* PROBLEM REQUIREMENTS
Write the data out again exactly, dropping any images it holds.

* DATA EXCERPT
————

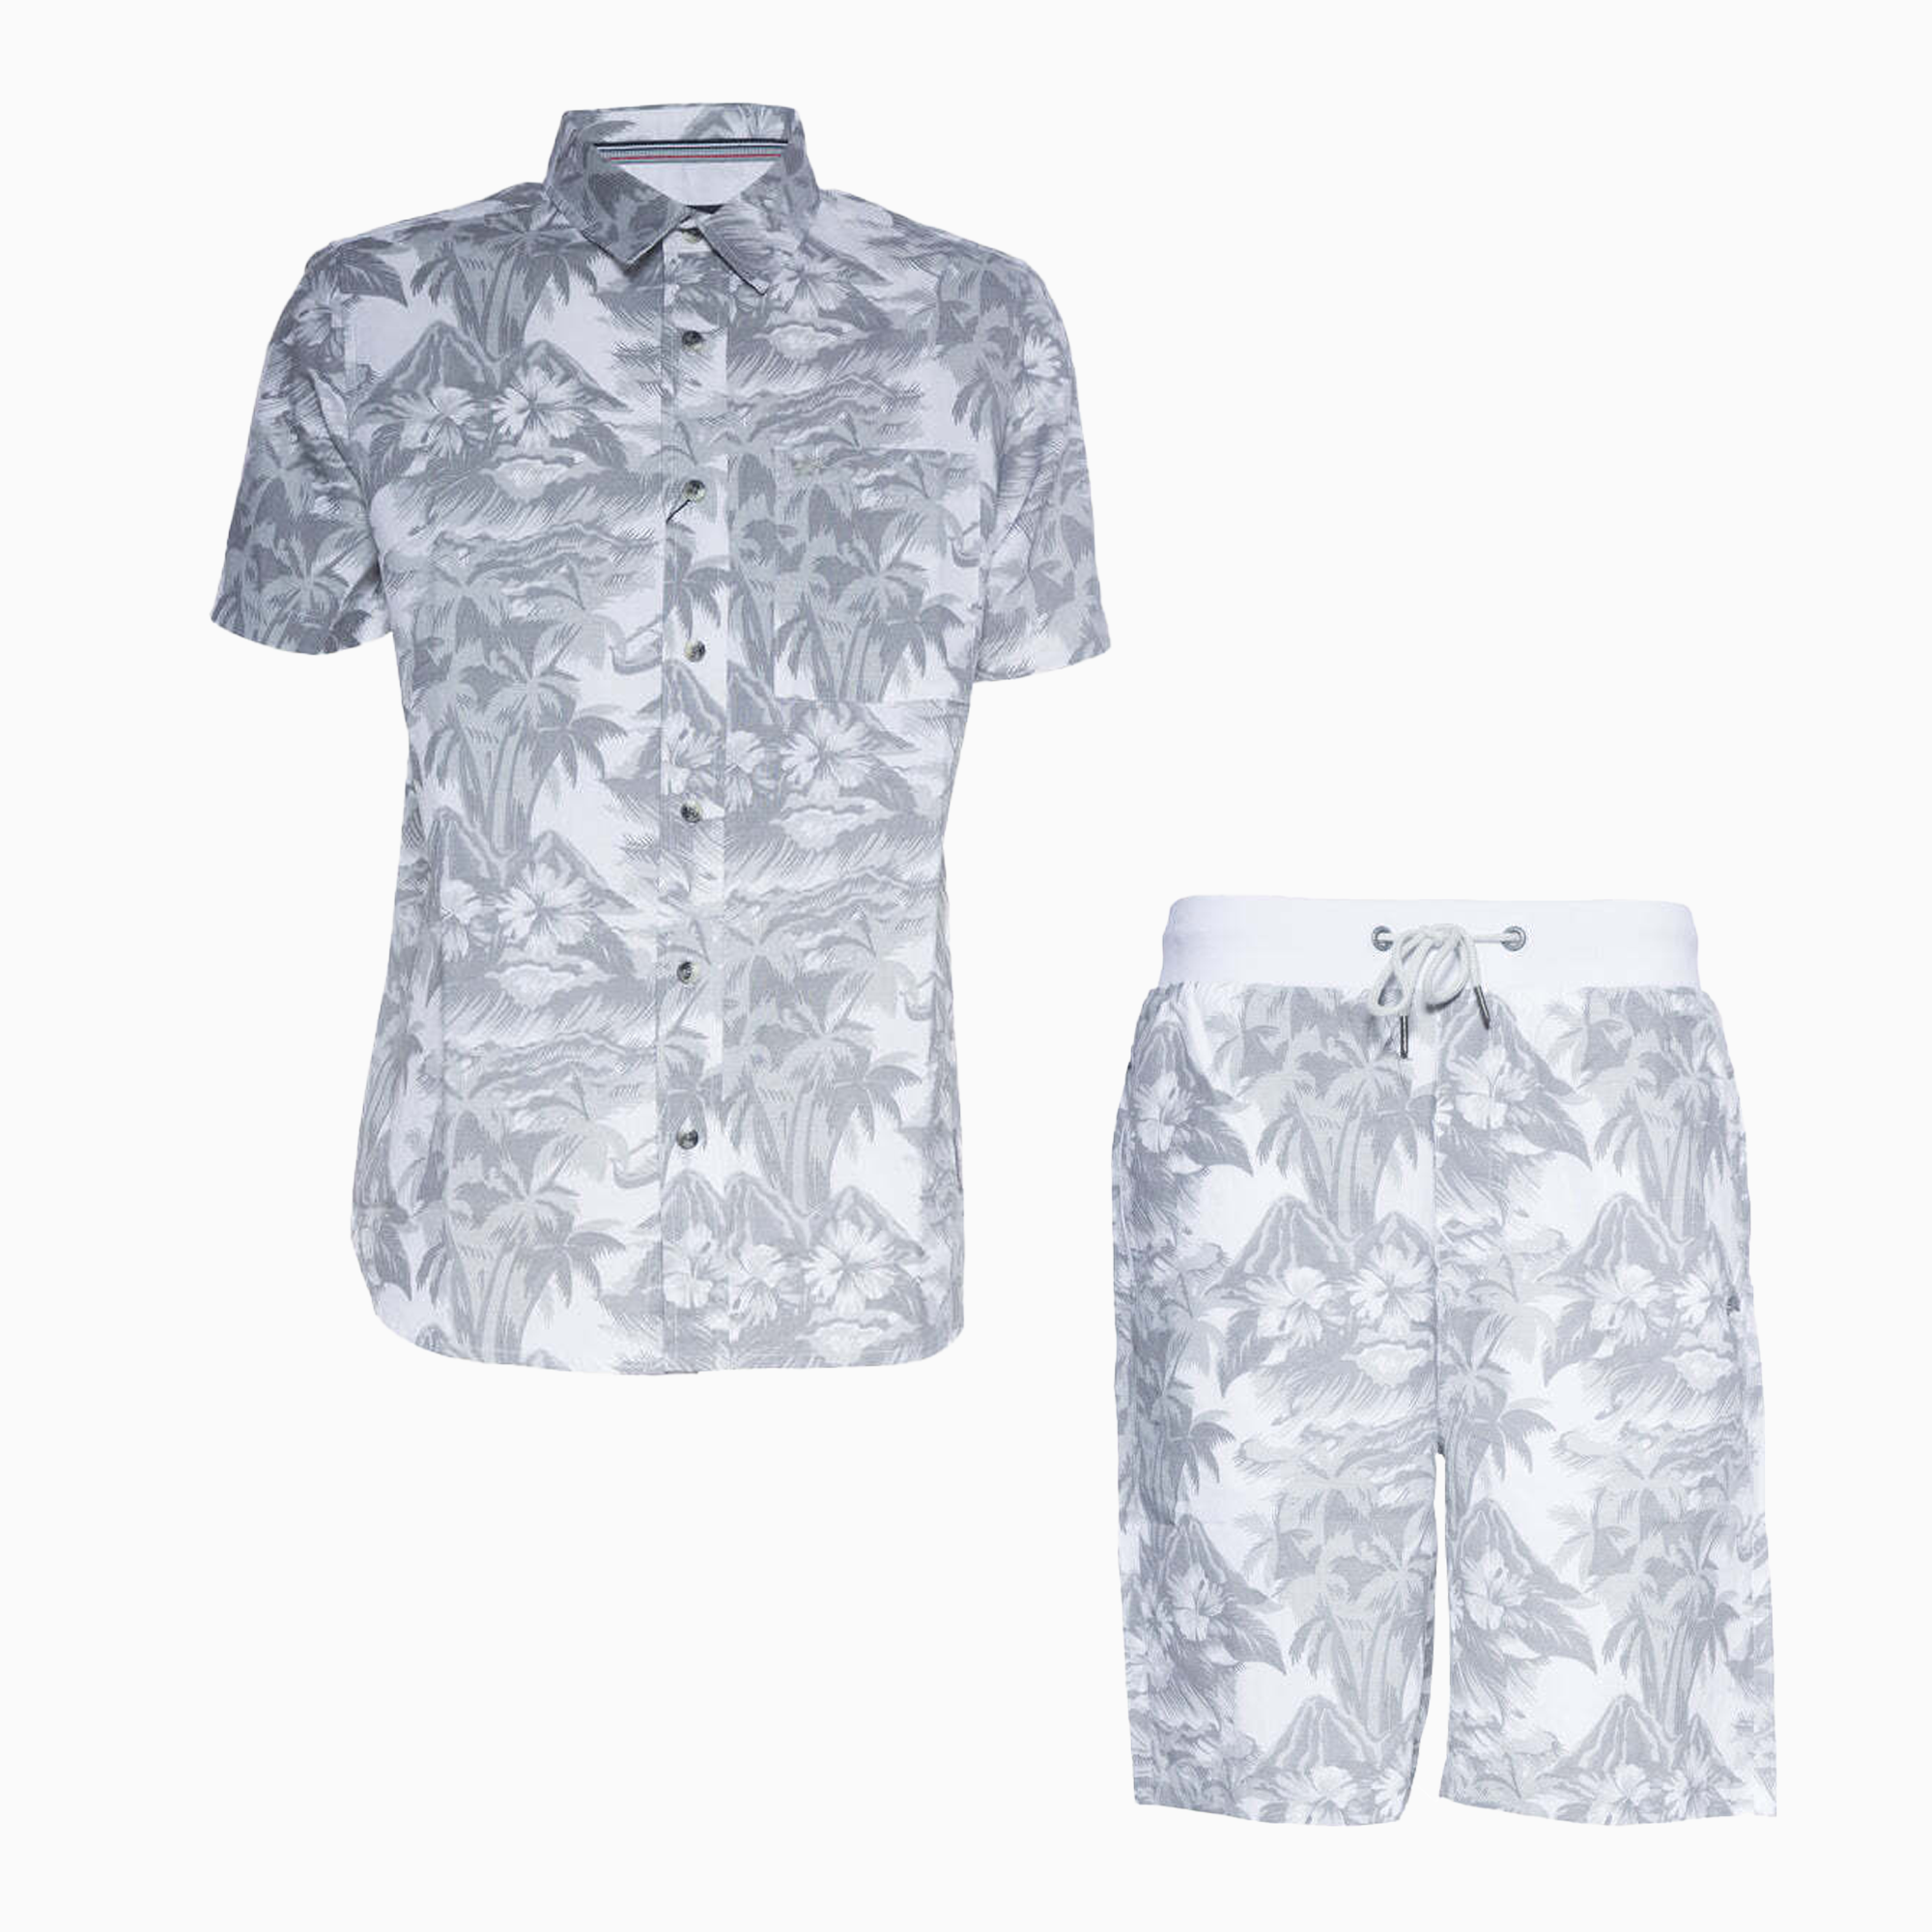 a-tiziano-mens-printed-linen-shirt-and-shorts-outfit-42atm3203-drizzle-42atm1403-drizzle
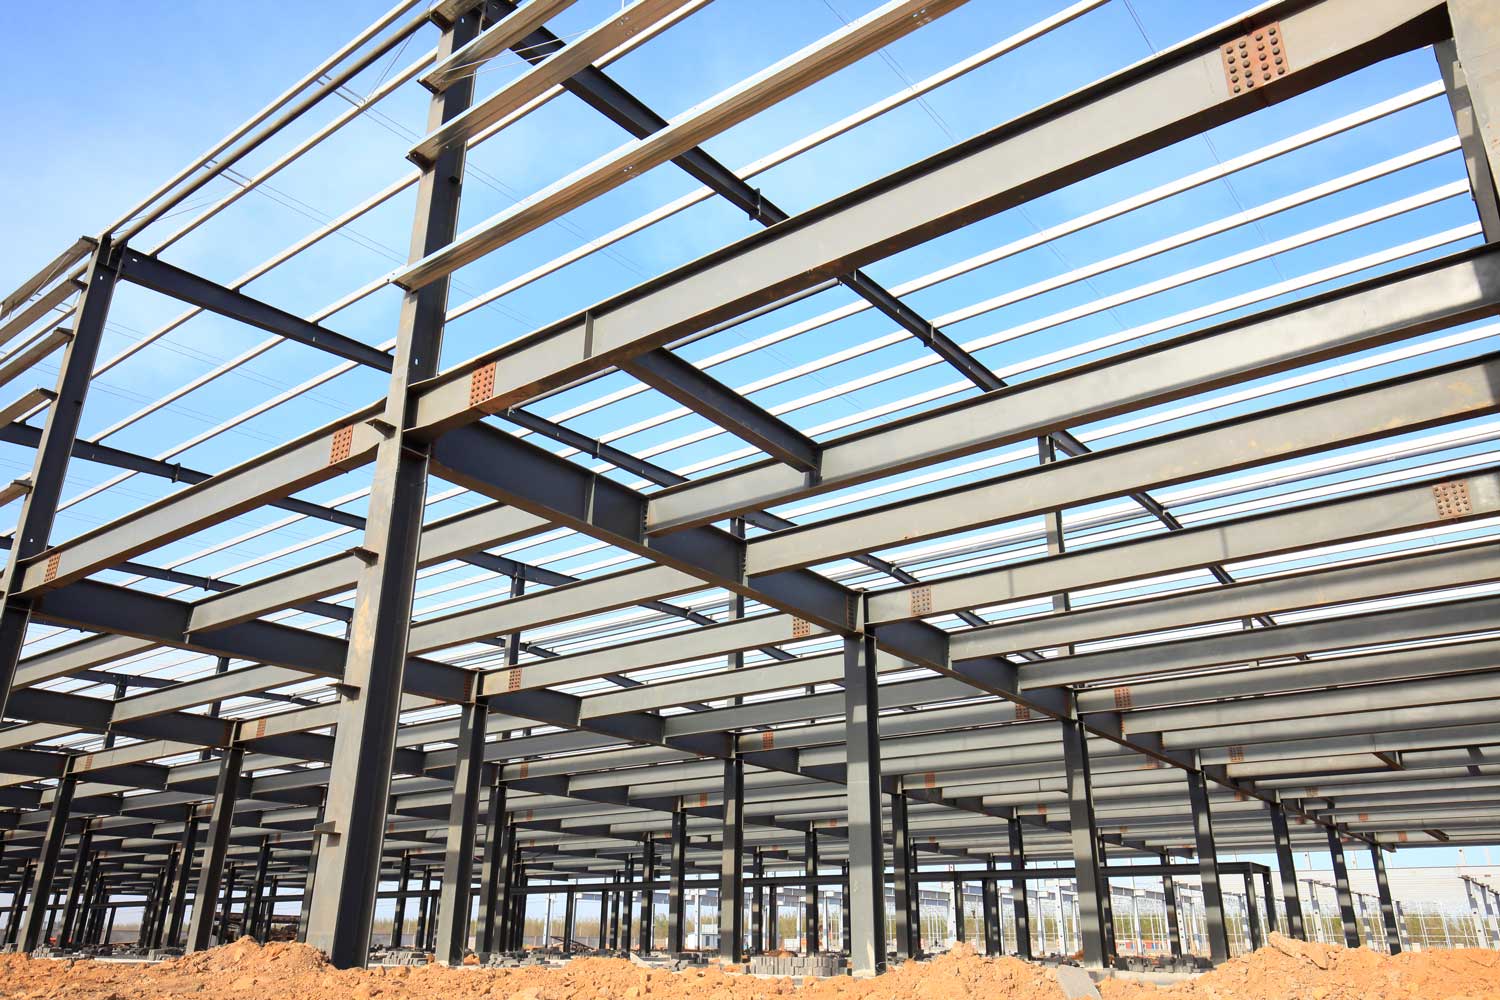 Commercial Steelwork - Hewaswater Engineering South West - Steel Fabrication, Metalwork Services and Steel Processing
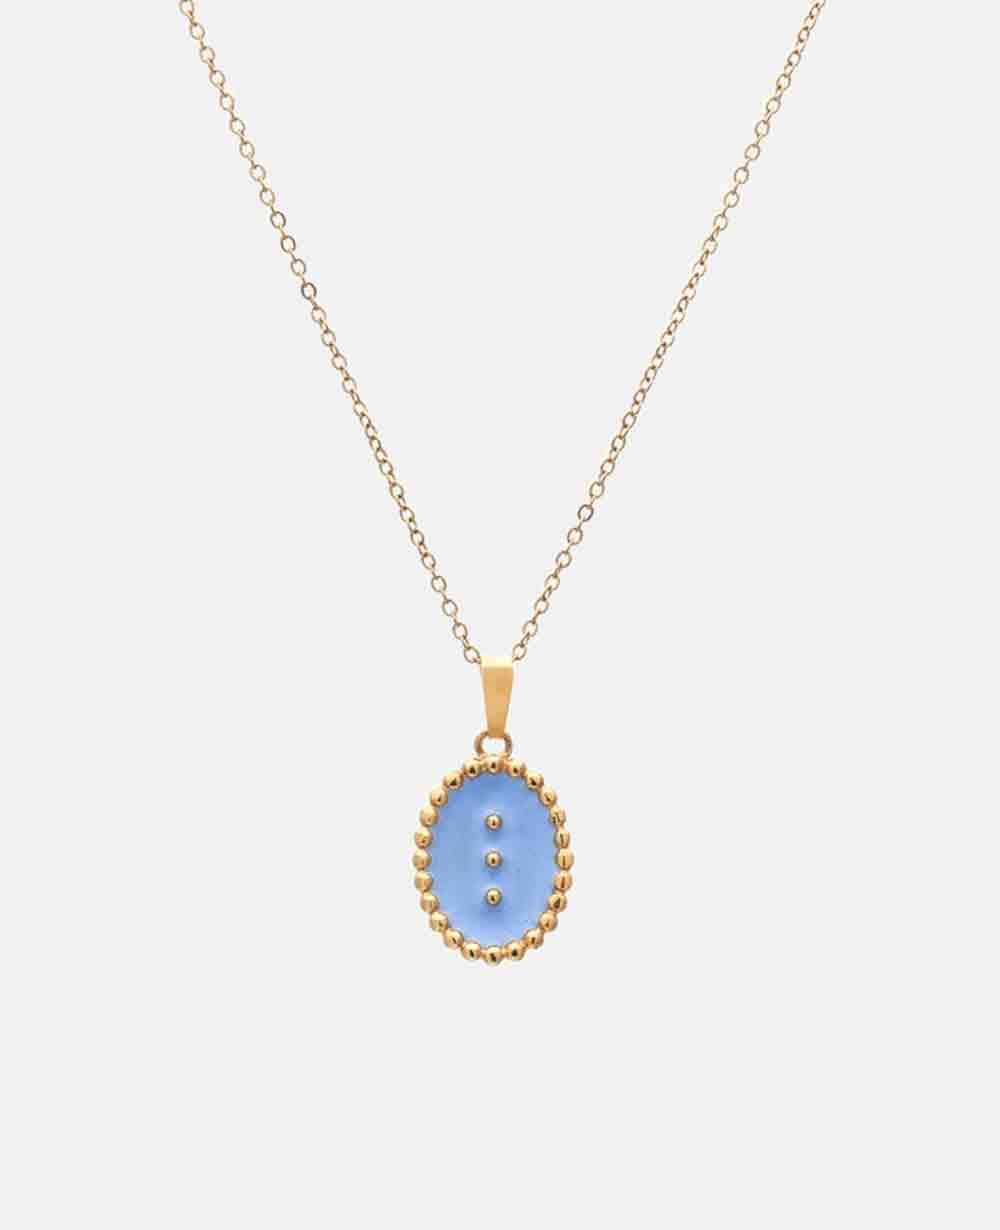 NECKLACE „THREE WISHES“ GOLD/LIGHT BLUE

————

* ANSWER SECTION
 a-tiziano-mens-printed-linen-shirt-and-shorts-outfit-42atm3203-drizzle-42atm1403-drizzle
 Commercial Steelwork - Hewaswater Engineering South West - Steel Fabrication, Metalwork Services and Steel Processing
 NECKLACE „THREE WISHES“ GOLD/LIGHT BLUE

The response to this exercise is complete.